Firstly, on my garage layout (not on this site yet) the fiddle yard is very short of space. I calculated that in some of the smaller sidings, if I could save space between the wagons, I could have longer (more prototypical) rake lengths. If you go back to what I call ‘pre-modern’ tension lock couplings, the likes of Lima, Hornby  and Mainline, without being unkind, they were enormous. To say they look anywhere near prototypical distance apart is a joke!

The first thing I did was to lay down some rules:-

The fixed coupling must negotiate  3rd radius curves – to make sure they did all couplings would be tested on 2nd radius curves to ensure OK.

The distance between wagons must be reduced dramatically – priority would be four-wheel wagons of all wheel bases.

The original chassis must be used – no expensive modifications.

The new system must be discreet and much less obtrusive.

I also wanted to have representations of Vacuum Brakes, Air Brakes, Coupling Hooks and 3 link couplings/instanter couplings.

The first wagon would have a modern tension lock on one end to couple to the locomotive. This could be modified to decrease the gap. All the loco’s I use on my garage layout have a detailed buffer beam at one end and tension lock at the other.

The rear wagon would have a prototypical coupling, Screw, 3 Link or Instanter.

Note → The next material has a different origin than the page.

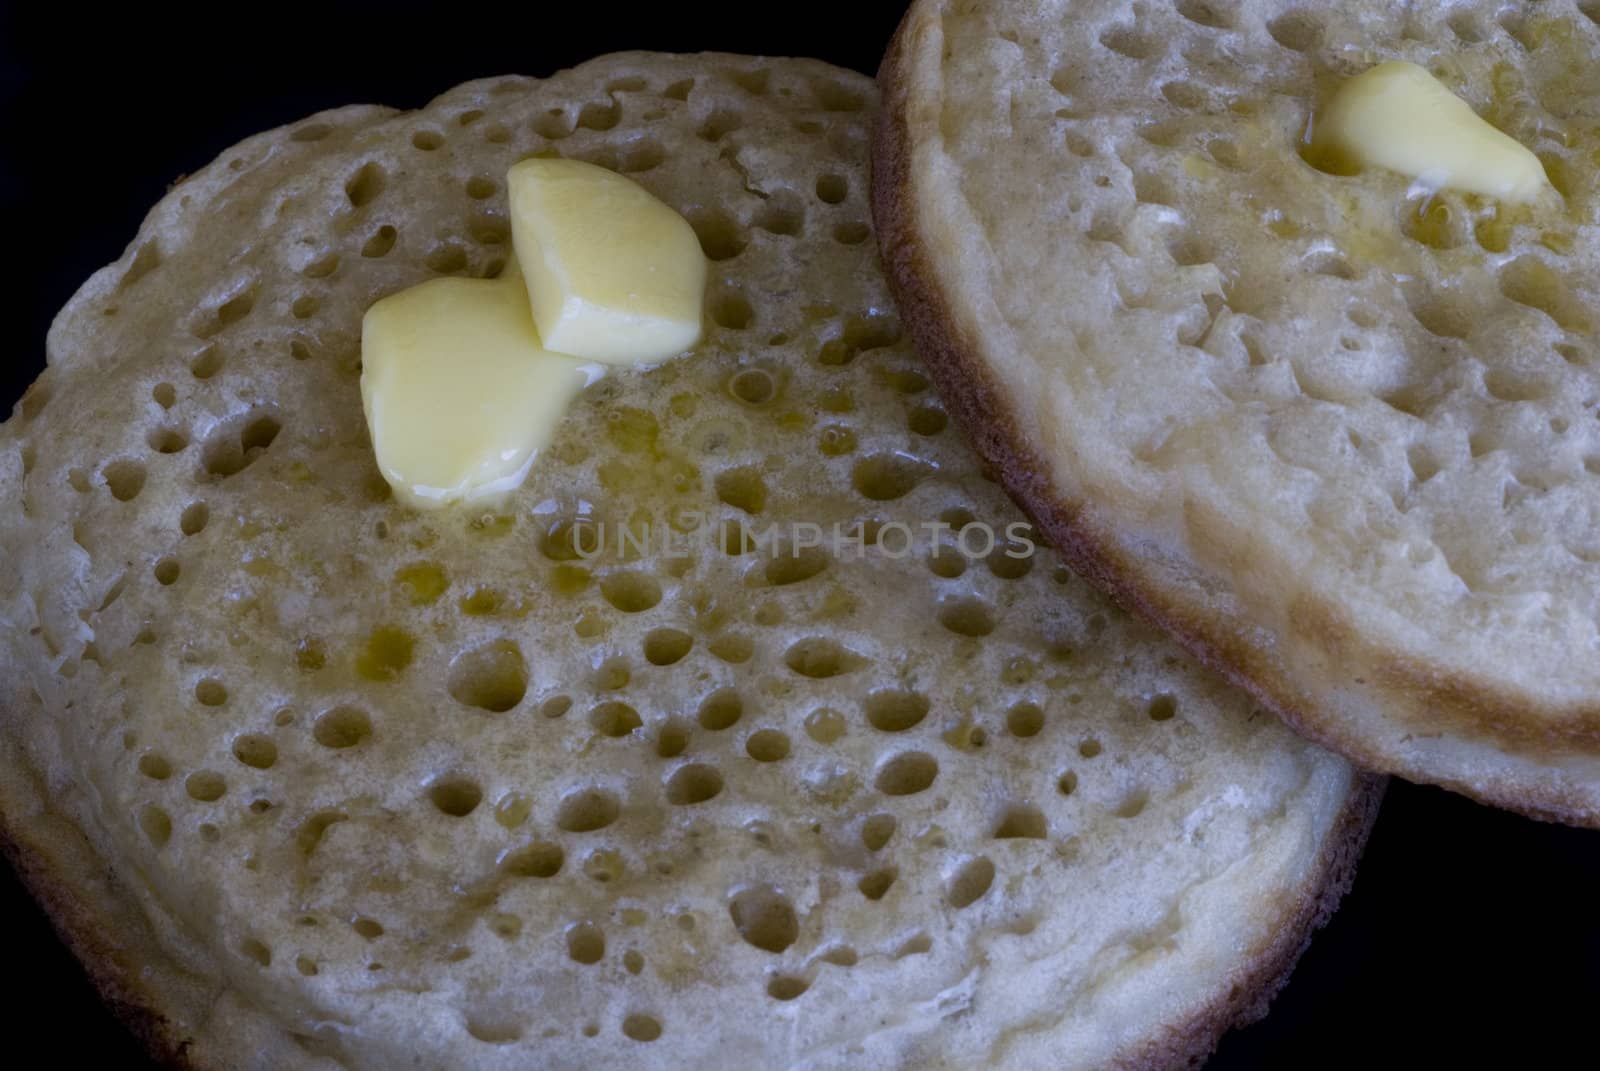 two buttered crumpets, isolated on a black background
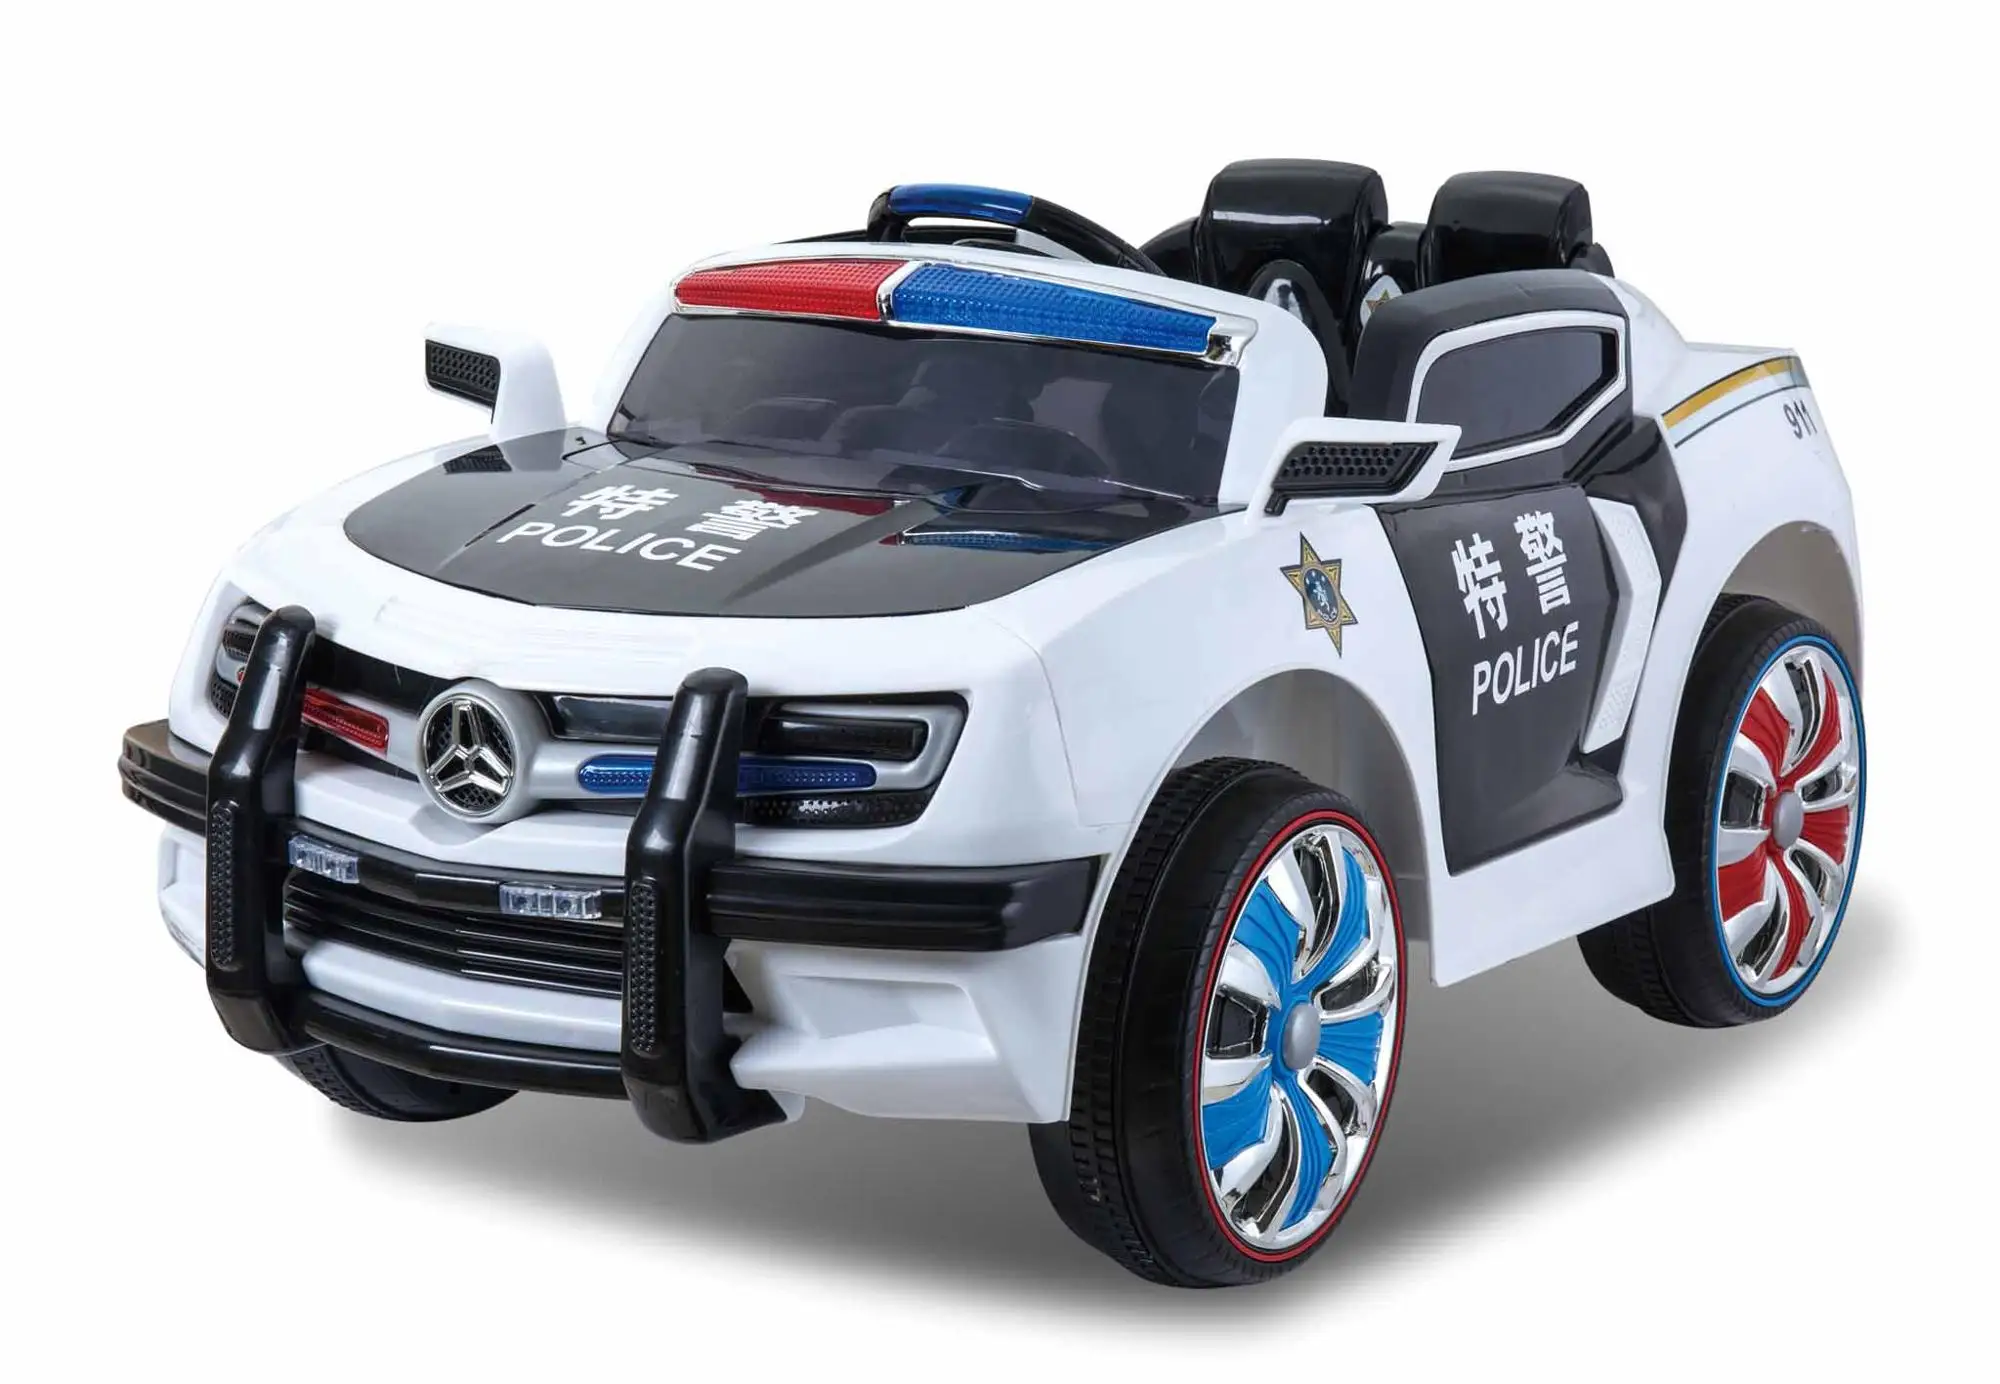 police toy car for kids

A tail lamp and pipes would also be fitted.

I would also number the wagons (underneath) so that would always be assembled in the right order.

Now the work started, I did trials with various ideas. I won’t go through these as most were total failures! I would also say that whatever I came up with looked like a small tension lock hook, a Spratt and Winkle or a Dingham’s hook. I concluded I was trying to ‘re-invent the wheel’. Common sense prevailed and my final choice was ‘Spratt and Winkle 3mm couplings for 4mm stock. Yes I did try 2mm Spratt and Winkle’s on some small wheelbase wagons, VEA’s I think, but you have to lengthen the loop to fit, this defeated the object. The one final thing I needed to do was to pick a standard wire for the loops. I tried various thickness and settled on ‘Gibsons .7’.

I later moved on to bogie wagons. These very much depend on the length of the wagon, the shorter ones can go on the buffer beams as per the four wheelers, but the longer ones need to be attached to the bogies. Please note I do not use this system on coaches as there are better solutions for them.

I also ‘chemically blacken’ both the Spratt & Winkle’s and the Brass Wire, giving them a good clean first.

There is no reason why you should not add a ‘working’ Spratt and Winkle into a rake so that it can be split for shunting.